Re: [squid-users] cache github zip repositories

2016-09-16 Thread Hardik Dangar
Amos,

Thank you very much for you reply,

But I would just like to confirm this,

I thought ETAG is something which we can verify like,

- when the server is sending response it sends ETAG.
- squid then decides to cache it with ETAG
- now if somebody tries to fetch the same URL given they are on same squid
network, squid will send previously saved copy of the ETag along with the
request in a "If-None-Match" field.
- On this subsequent request, the server may now compare the client's ETag
with the ETag for the current version of the resource. If the ETag values
match, meaning that the resource has not changed, then the server may send
back a very short response with a HTTP 304 Not Modified status.

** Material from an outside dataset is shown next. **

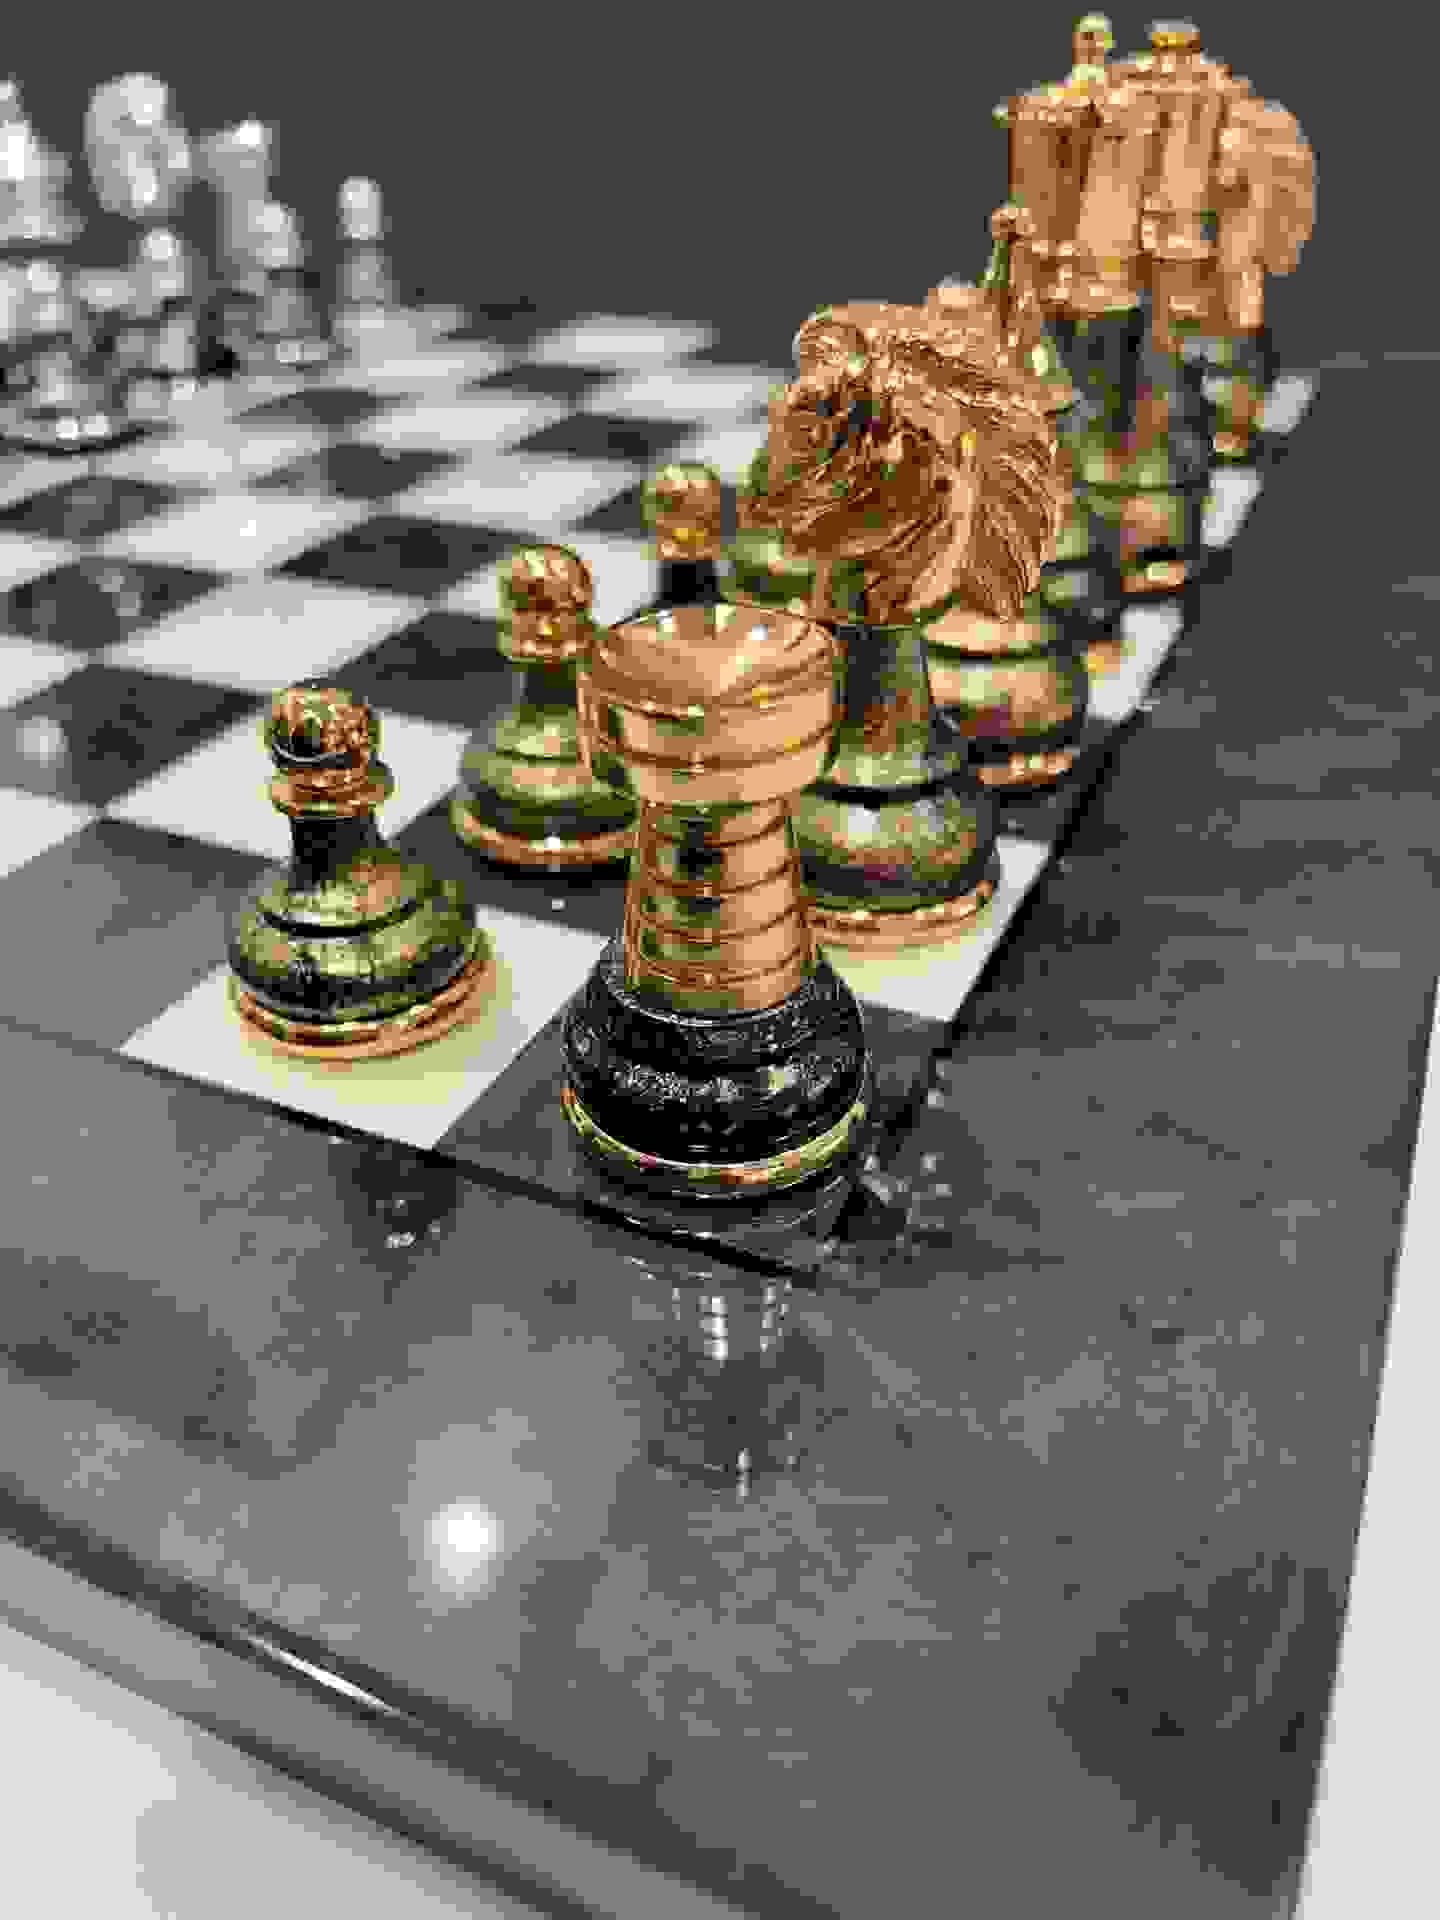 Italfama Chess Set Grey/White Briar Wood 513R + 150GSF

The 304
status tells the client that its cached version is still good and that it
should use that.

Now comparing this to our GitHub example.
- when we request https://codeload.github.com/hardikdangar/test/zip/master
it has
 ETag: "9ea9838812d6f7bc53763eb1577da04e2fa473d5"
- even if you request it after a day ETAG remains the same as long as
repository is not changed.
- So when i request that file again squid would not send request with ETAG
to server ?

( just to clarify, github does not change ETAG unless you change files in
repo). My concern is if ETAG is not changed then we want to use the cache
but if its change then we want to download copy of new version.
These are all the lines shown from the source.